Group pushes for HVAC certification requirement


EVANSTON — The Evanston City Council met for a work session on Tuesday, Oct. 26, at 5:30 p.m., with a full house in the conference room at City Hall. The subject of the meeting was a need for certification requirements for HVAC (heating, ventilation and air conditioning) contractors with concerns voiced by Dominion Energy and others.

Dominion Energy representative Jeff Bybee opened the discussion by introducing members of a group accompanying him: Rocky Mountain Gas Association (RMGA) Executive Director Jon Hill, Tim Ridenour with Tom’s HVAC, Rick Mair with Dominion Energy and local building inspector Bob Liechty.

“We have come with a proposal,” Bybee said. “We are asking the city to create an ordinance that requires all HVAC contractors to be certified in order to get a business license. In the past the gas company, which I’ve been with for 37 years, did all of the installation and maintenance of HVAC; but, over time, the gas company reduced what we do. It is important to be able to trust an HVAC contractor and at present no certification is required in Wyoming. The state of Utah has a law that all HVAC contractors have to be certified.”

Bybee said the problem has been that no city or county has been positive toward passing a requirement for certification because of lack of funds to enforce it. He then asked Jon Hill to explain what RMGA provides to keep customers confident in the service.

“We have been certifying technicians since 2001,” Hill said. “We hold classes here and throughout southwest Wyoming. We work with the community colleges and a testing center is located here in Evanston and in Rock Springs and Green River.”

Hill explained that RMGA training consists of three days of classes, 8 hours a day and anyone is eligible to take the classes on a computer.  It costs $300 for the classes and $100 to take the test and a passing grade is 80 correct out of 100 questions to become certified. They also give a free retake if an individual doesn’t pass on the first try. Hill said they have a 65-68% pass rate.  RMGA provides a study guide with the actual questions highlighted and they have a pre-test of 50 questions if a person wants to test their knowledge before the final exam.
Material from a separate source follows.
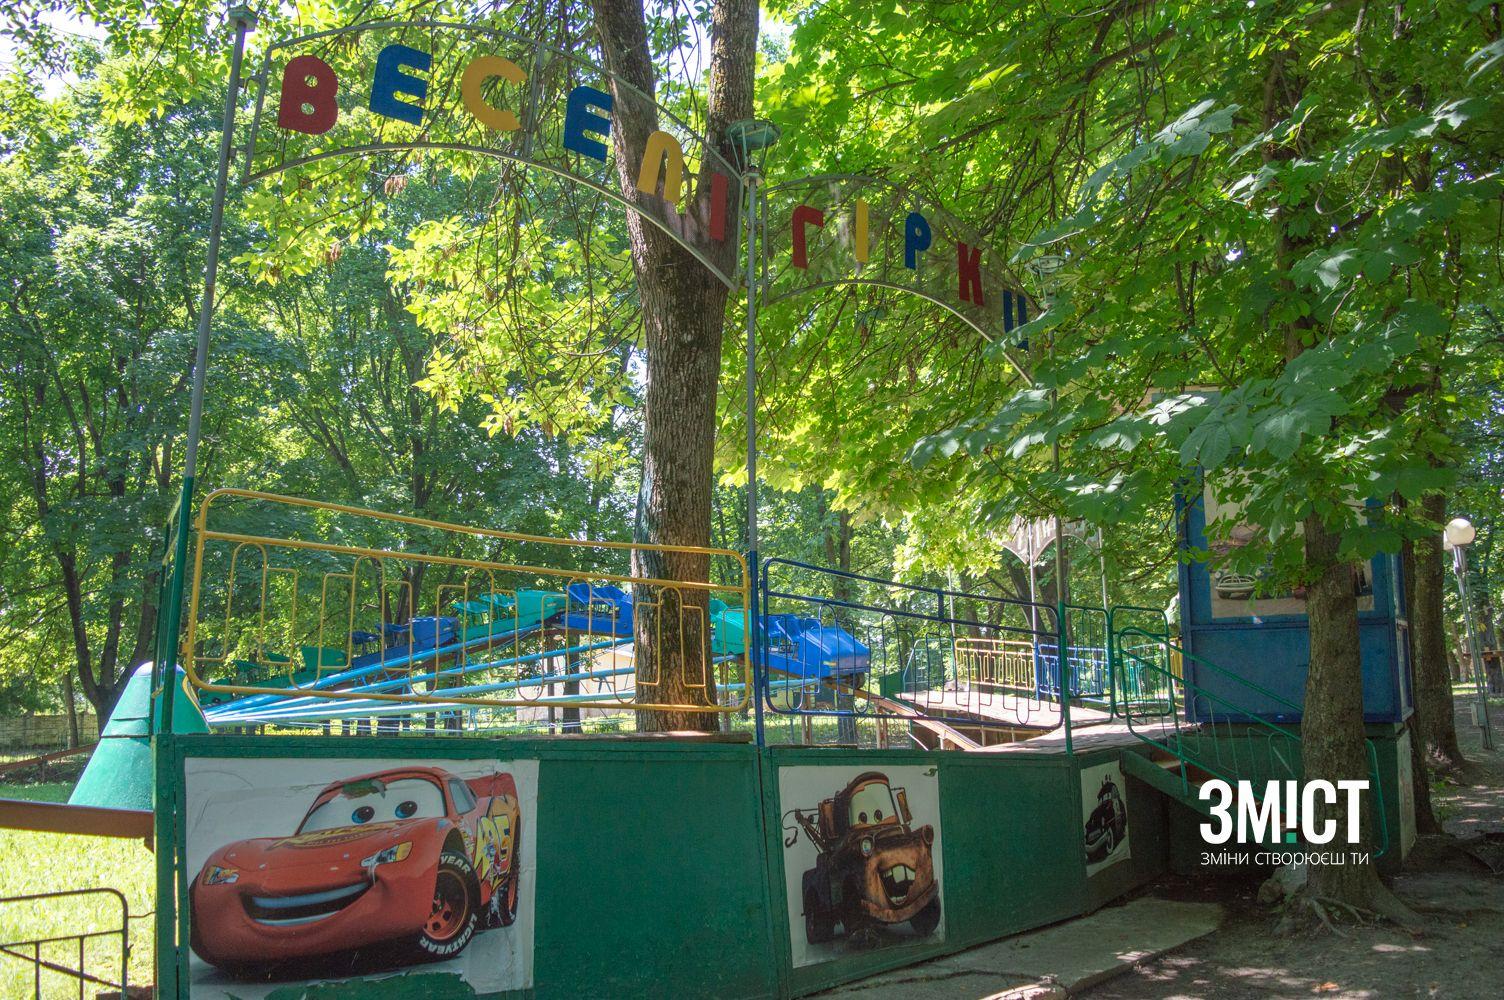 Атракціон у парку «Перемога»

Hill added RMGA also provides trainings twice a year on any changes in the requirements.  RMGA has also developed an apprenticeship program.

“We also keep a list of certified contractors on our website, wyrmga.org,” Hill said.

City Attorney Dennis Boal raised the objection that the city cannot license individuals but, rather, businesses, and he questioned who would enforce the rule. He told the council the place to start would be to look at Utah’s law for an example.

“Somebody on the job has to be certified,” Ridenour said, “not every individual. The building inspector can ask to see the certification and fines could be administered in city court.”

Bybee told the Council that RMGA is a non-profit organization made up of HVAC contractor members. He said the industry polices the industry and if a member is not following regulations, they can restrict their membership. RMGA is responsible for all of the administration of the certification process not the enforcement of the law; that is up to the city with fines and with a certification requirement ordinance. 

Bybee said his concern is that, currently, no one is policing companies and no certification is required. He said Dominion Energy consistently runs into problems with customers having had contractors that did poor work and the gas company has to refuse to turn on their gas until the problem is remedied. 

Liechty told the council that electrical contractors are required to be licensed under state law and a state inspector can walk onto a job site at any time and ask to see a license. The state inspector can also inspect HVAC but only for fire code and life safety regulations.

“I don’t inspect gas lines,” Liechty said. “In Kemmerer, the building inspector chooses to inspect the gas lines. Dominion Energy can make their customers aware if there is a problem but it is up to the customer what they do about it.

“I am frustrated,” Liechty added. “We need some kind of certification [or] license.”

Bybee said to rely on the state passing a law is futile; they don’t want to administer it. Mair added that if there was a requirement for certification in order to get a business license it would self-regulate, as customers would start asking ask to see it. Hill agreed and added that the building inspector would also be able to ask to see the certification.

Councilman Evan Perkes said, “If someone is replacing my 50-year-old furnace or water heater, I want to know they are certified.”

In conclusion, Bybee said, Dominion Energy has invited HVAC contractors to the trainings they have held and no one has shown up because there is no certification required. 

“Every state should have a certification requirement,” Bybee said. “We are starting by asking city councils here and in Rock Springs next, to take action and implement an ordinance on certification. I’ll get you a copy of the Utah code to review.”

Mayor Kent Williams said he would be interested to know how other cities respond and that the council would review Utah’s law.

“There is value in what you are proposing,” Williams said, “but we need to know how to go about it. We could bring the subject up at the upcoming WAM (Wyoming Association of Municipalities) Conference, also.”